Copyright © 2025 Interspire 2023 LLC (referred to as Interspire from here on in) – All Rights Reserved.
Effective Date: May 30th, 2025
This Software License and End User Agreement (“Agreement”) is entered into by and between INTERSPIRE 2023 LLC (“Interspire”), located at 6586 W. Atlantic Ave #1106, Delray Beach, FL 33446 USA, and the purchaser or user (“Customer”) of the Interspire software product (“Software”).
By purchasing, downloading, installing, or using the Software, the Customer agrees to be bound by the terms of this Agreement.
1. Definitions
- “Software” refers to the licensed Interspire application, including source code, scripts, updates, modifications, and related documentation.
- “Customer” refers to the individual or entity that has purchased or is using the Software.
- “System” means the specific deliverable purchased and deployed by Customer.
2. Grant of License
2.1 Interspire grants Customer a non-exclusive, non-transferable, perpetual license to install and use one instance of the Software on a single server, solely for Customer’s internal business use. This license applies only to the version of the Software available at the time of purchase, along with any updates made available and downloaded by the Customer during an active maintenance period. This license does not include rights to future versions released outside the maintenance term.

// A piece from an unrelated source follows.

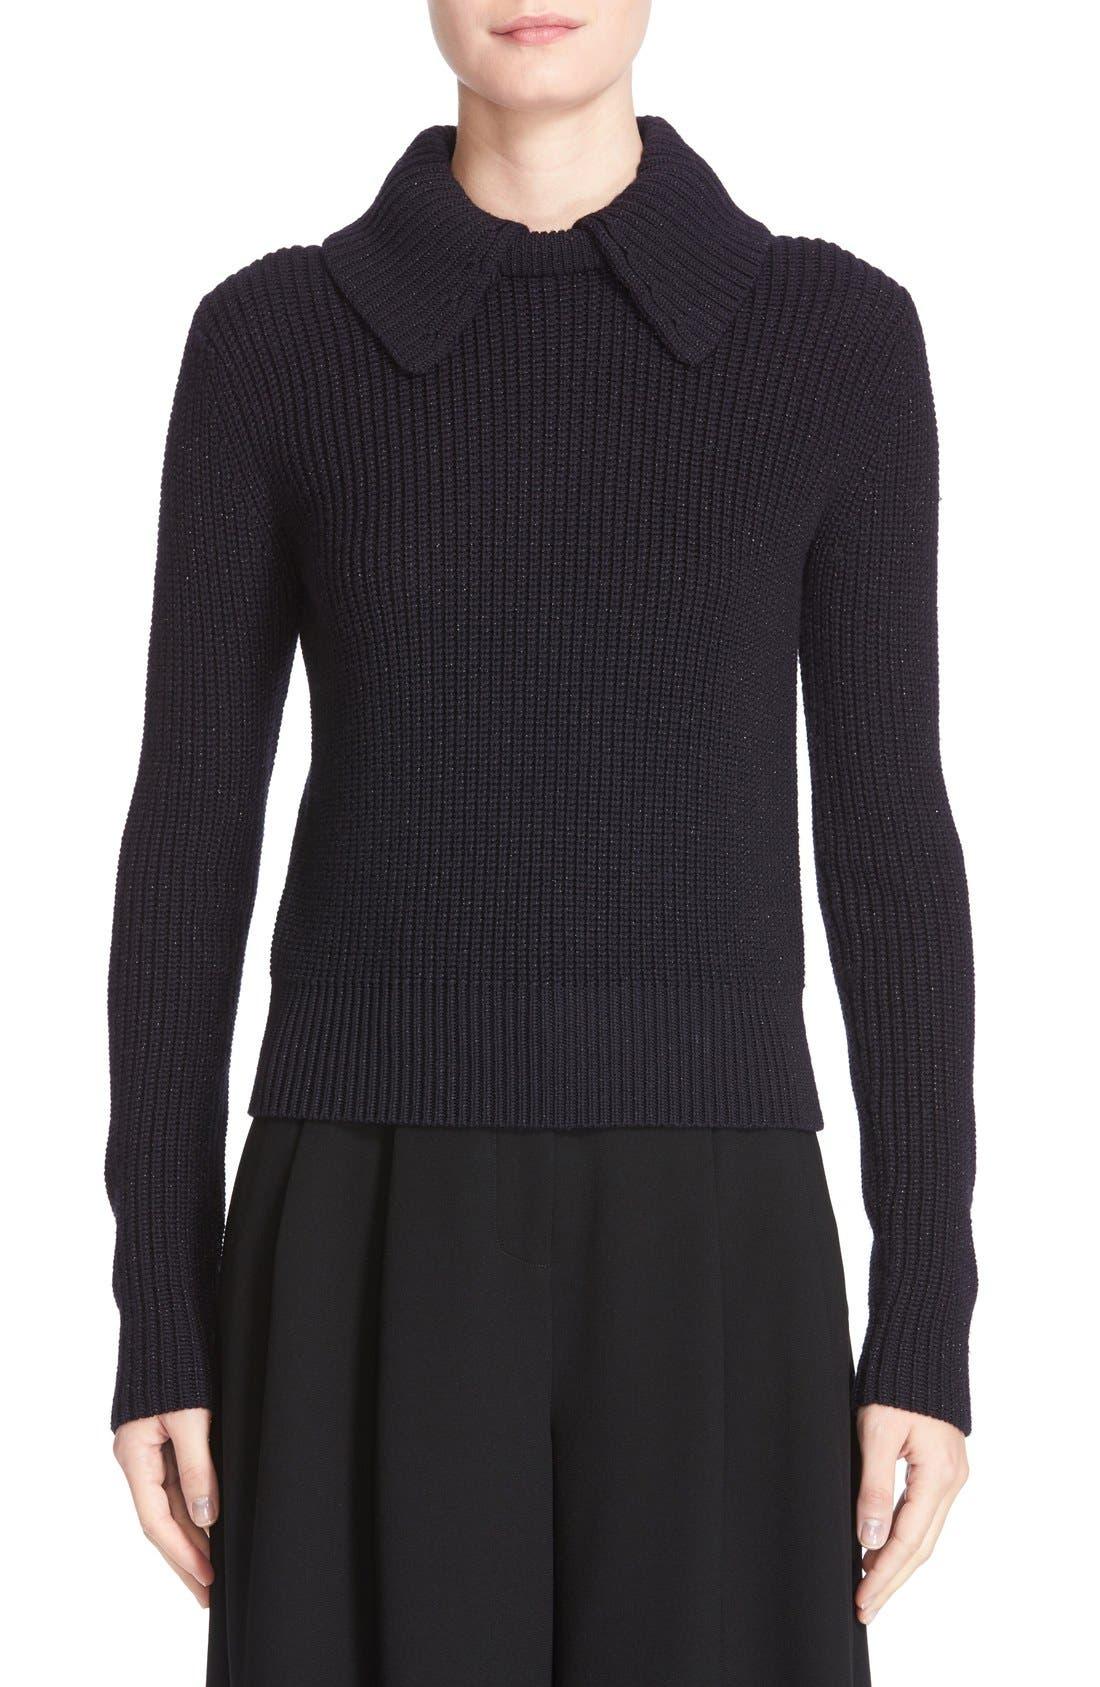 GREY JASON WU Shimmer Merino Wool Blend Sweater

2.2 All rights not expressly granted are reserved to Interspire.
3. Use Restrictions
3.1 Customer shall not:
- Distribute, sublicense, rent, lease, or otherwise make the Software available to any third party, except where the Software is used to provide a service to clients through Customer-operated campaigns, systems, or interfaces. Clients may access the Software remotely via Customer-hosted systems, but may not install or host the Software on their own infrastructure.
- Host the Software for use by third parties unless separately licensed. This restriction does not prohibit offering services to multiple clients from a single, Customer-hosted instance of the Software. However, hosting separate, dedicated instances for multiple clients—such as in a one-instance-per-customer model—requires explicit licensing for each instance.

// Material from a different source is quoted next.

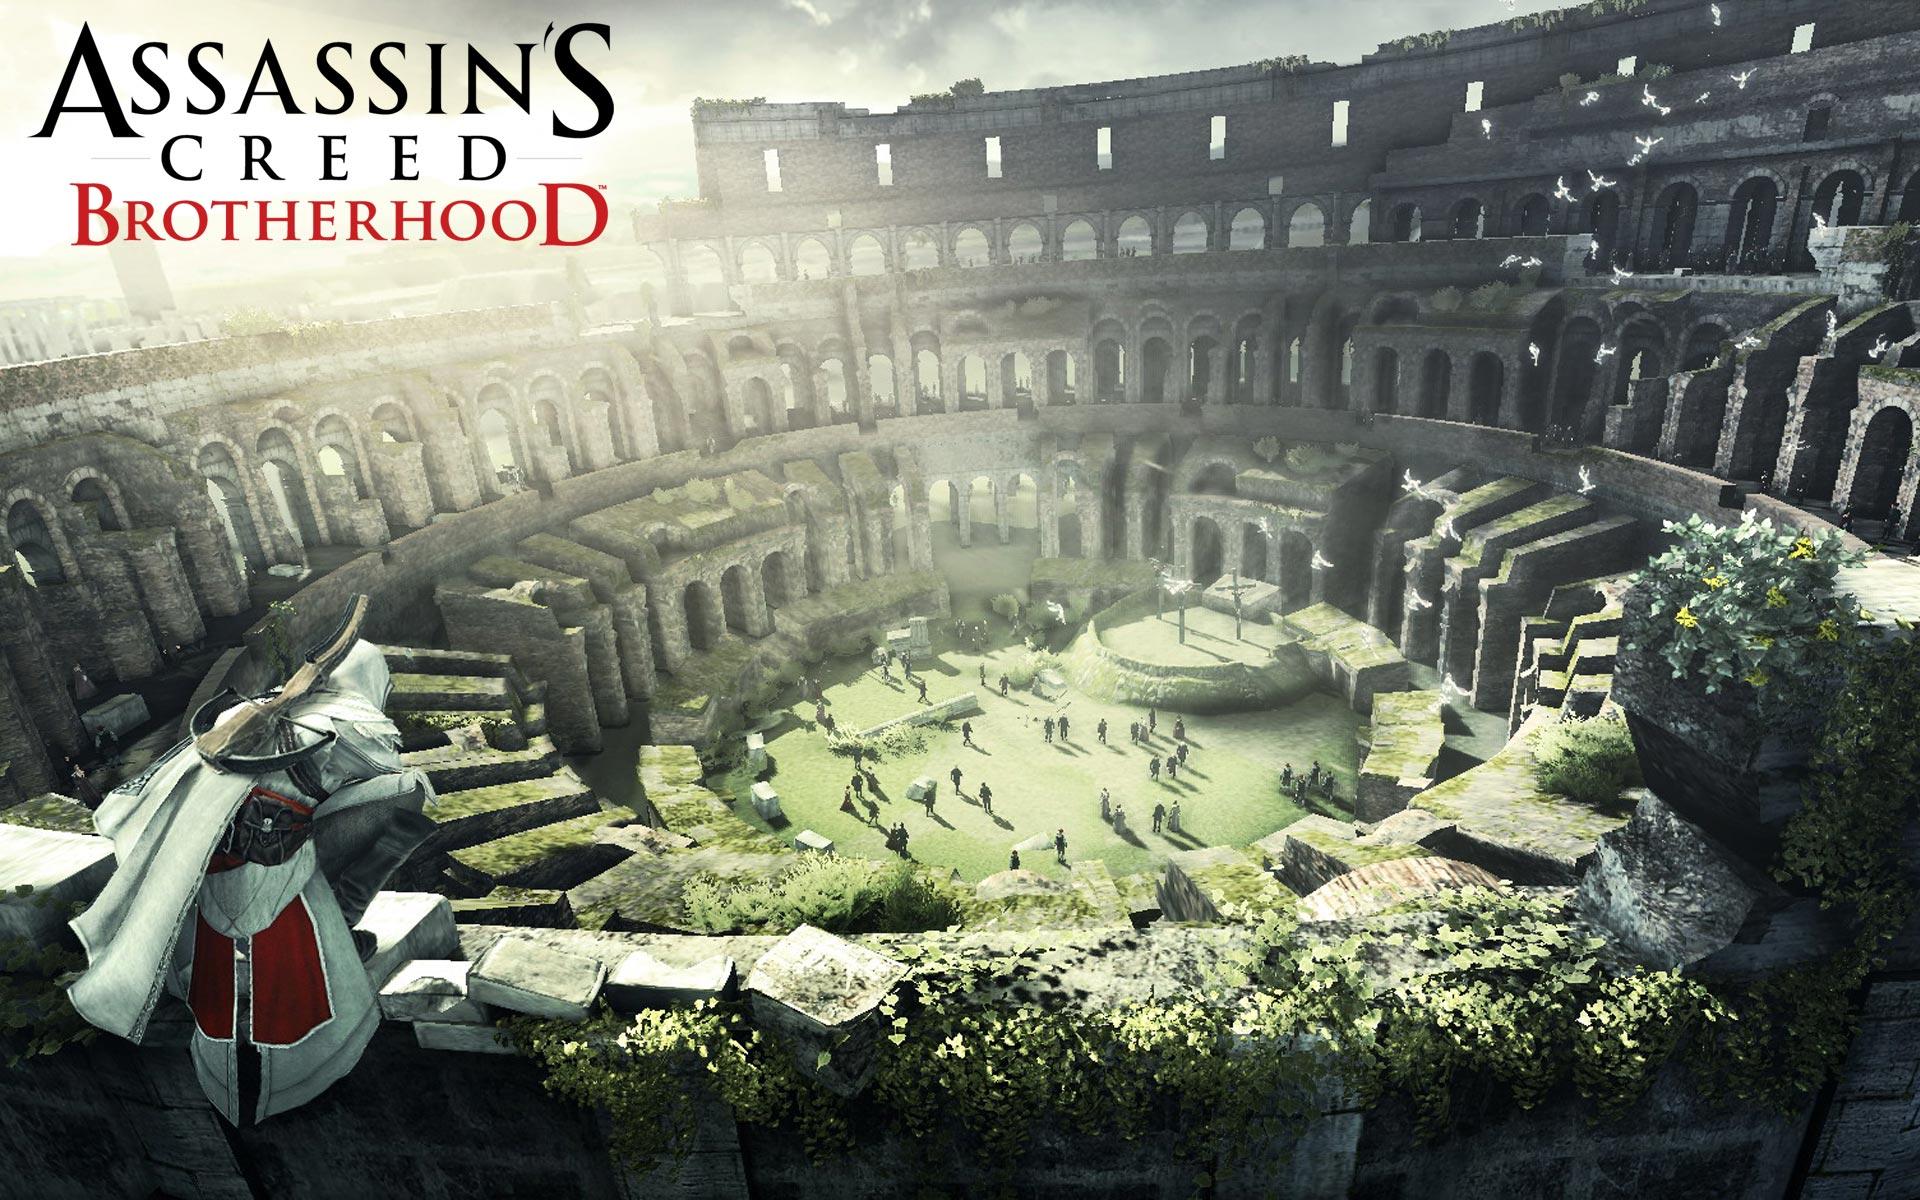 Assassins Creed Brotherhood Wallpaper: Assassin's Creed: Brotherhood

- Modify, adapt, or create derivative works of the Software for resale or external distribution.
- Remove or alter any proprietary notices.

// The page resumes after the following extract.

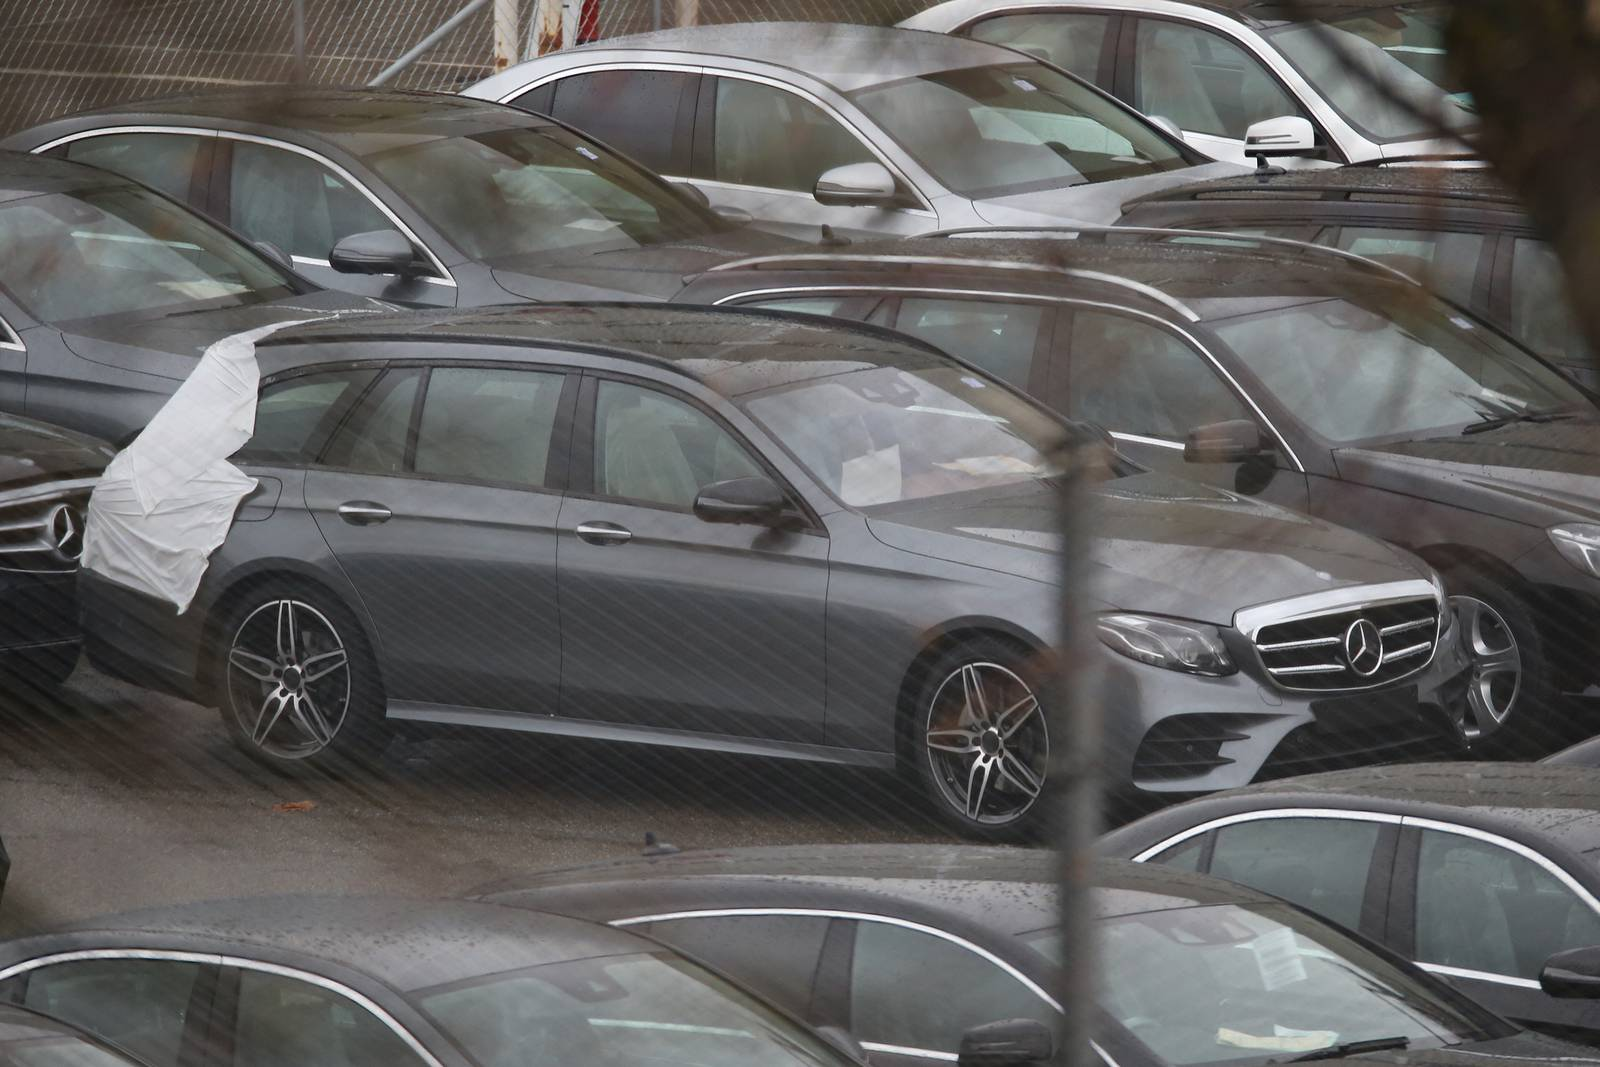 Official: 2017 Mercedes-Benz E-Class Estate Naked Spy Shots

- Use the Software to send spam or unsolicited bulk email.
- Extract, replicate, or repurpose source code or logic to develop competing products.
4. Ownership and Intellectual Property
4.1 Interspire retains all right, title, and interest in and to the Software and its intellectual property.
4.2 The Software is licensed, not sold.
5. Modifications and Copies
5.1 Customer may make archival copies of the Software.
5.2 Customer may modify the source code for internal use only. Modifications void all warranties and support obligations.
6. Audit Rights
6.1 Interspire may audit Customer’s use of the Software upon reasonable notice, not more than once per year.
7. Warranties and Disclaimers
7.1 Interspire warrants the executable code of the Software will perform substantially according to documentation for the duration of the system warranty period.
7.2 The source code is provided “as is” with no warranties.
7.3 Interspire disclaims all implied warranties, including merchantability and fitness for a particular purpose.
8. Indemnification
8.1 Interspire shall indemnify Customer against third-party claims that the Software infringes intellectual property rights.
8.2 Customer shall indemnify Interspire for claims arising from misuse or unauthorized distribution of the Software.
8.3 Each party may participate in the defense and shall not settle claims without written consent.
8.4 Notwithstanding anything to the contrary, the total cumulative liability of either party under this Section 8 shall not exceed the amount of license fees paid by Customer to Interspire.
9. Limitation of Liability
9.1 Interspire’s total liability under this Agreement shall not exceed the amount of license fees actually paid by Customer.
9.2 Interspire shall not be liable for indirect, incidental, special, or consequential damages, including loss of profits or data.
10. Termination
10.1 Interspire may terminate this Agreement upon breach.
10.2 Upon termination, Customer must immediately cease all use and destroy all copies of the Software.
10.3 No refunds or credits shall be due upon termination.
11. Governing Law
11.1 This Agreement is governed by the laws of the State of Florida.
11.2 All disputes shall be resolved in the courts located in Palm Beach County, Florida.
12. Acceptance
By purchasing, downloading, installing, or using the Software, Customer acknowledges having read and understood this Agreement and agrees to be bound by its terms.